WORK ITEM >> The output must be exactly the lines from the "Norwich Linen - Mens" line through the end of the listing below, with no picture included.

INFORMATION SUPPLIED >>
== Segment start ==

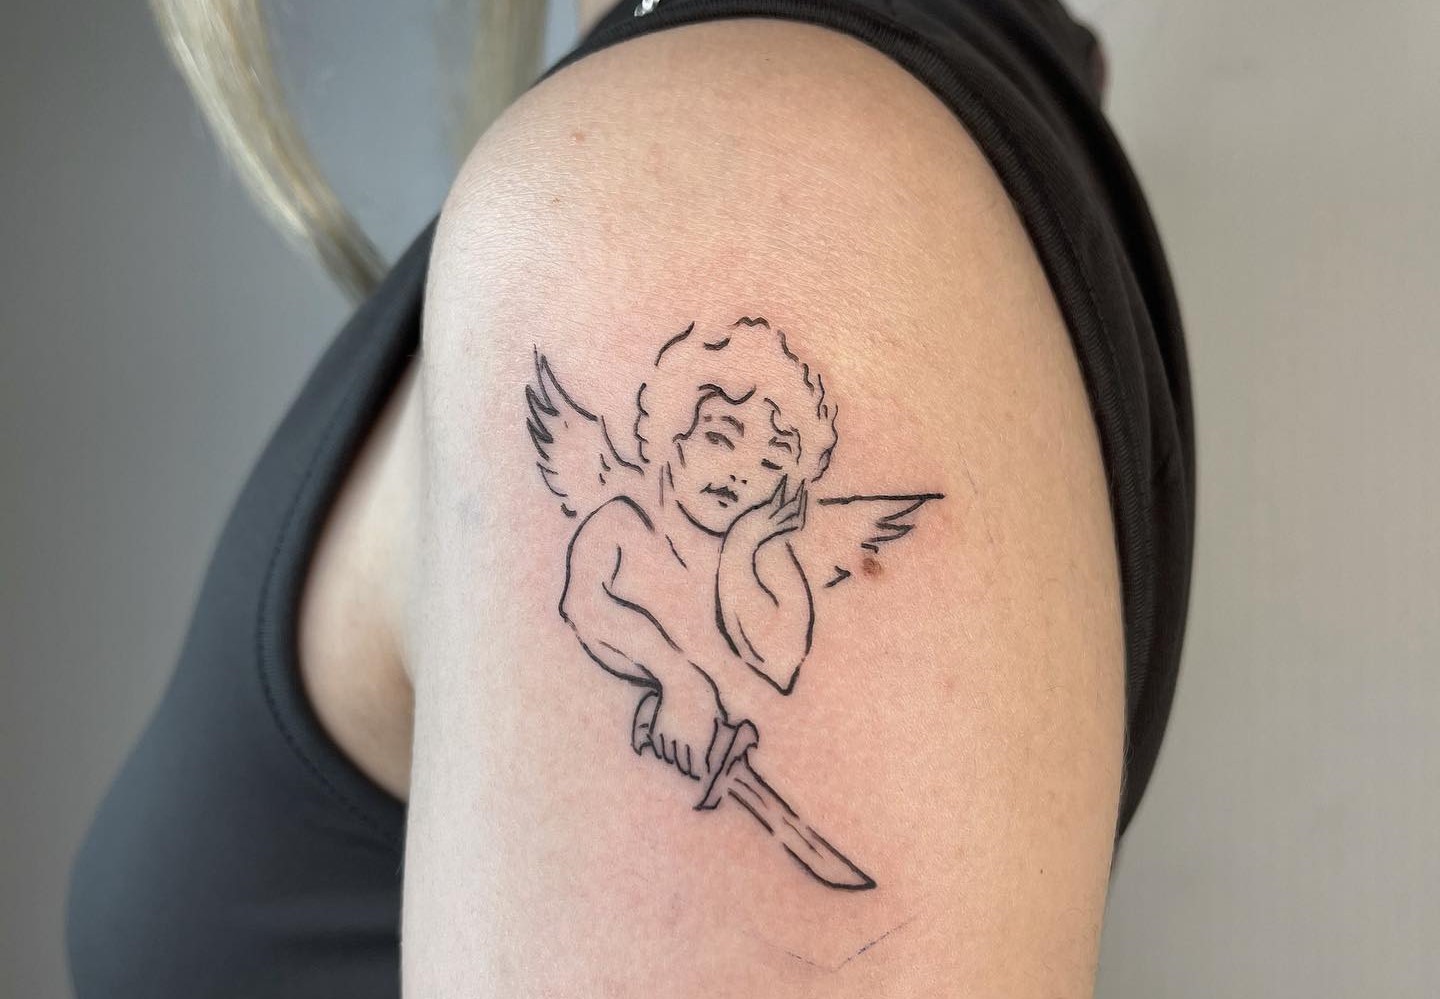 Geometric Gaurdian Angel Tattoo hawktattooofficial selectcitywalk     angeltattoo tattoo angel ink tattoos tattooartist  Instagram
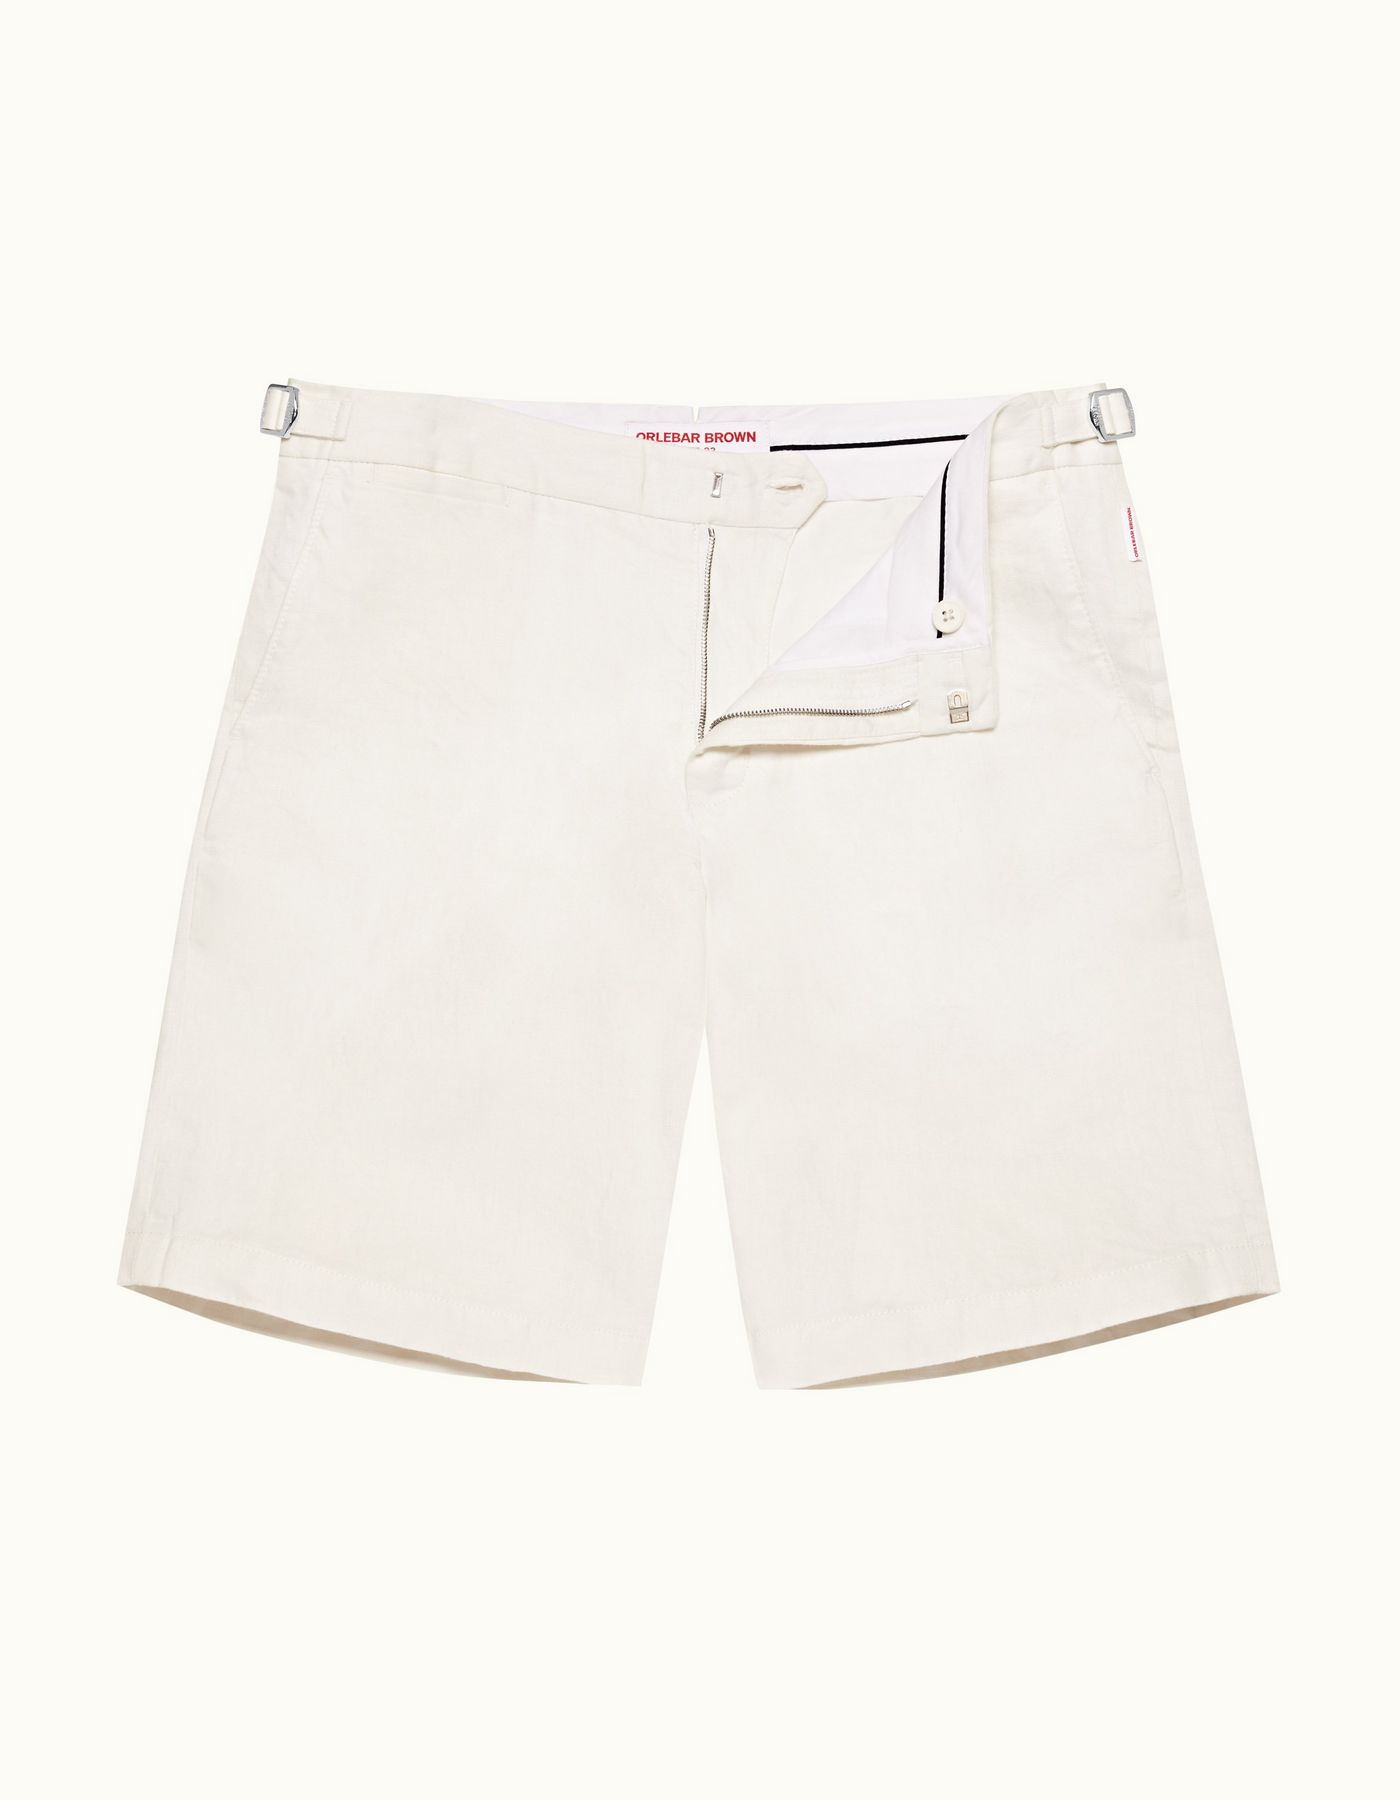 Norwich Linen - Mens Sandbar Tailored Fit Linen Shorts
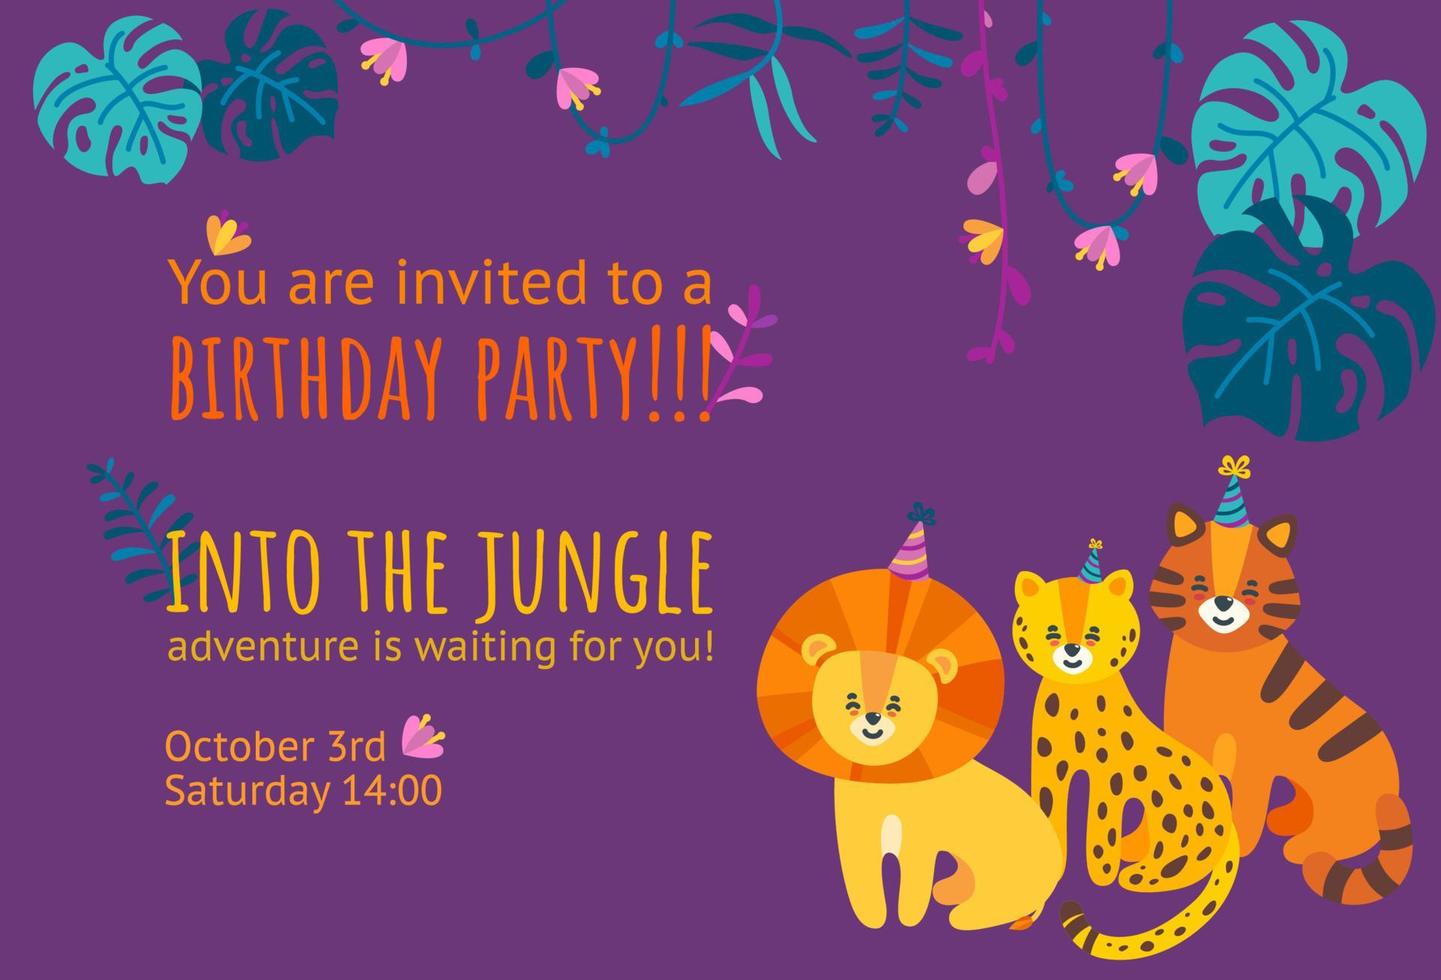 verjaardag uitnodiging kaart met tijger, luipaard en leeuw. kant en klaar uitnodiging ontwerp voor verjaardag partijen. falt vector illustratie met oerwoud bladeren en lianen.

== Segment end ==

SOLUTION TO THE EXERCISE >>
 Norwich Linen - Mens Sandbar Tailored Fit Linen Shorts
 verjaardag uitnodiging kaart met tijger, luipaard en leeuw. kant en klaar uitnodiging ontwerp voor verjaardag partijen. falt vector illustratie met oerwoud bladeren en lianen.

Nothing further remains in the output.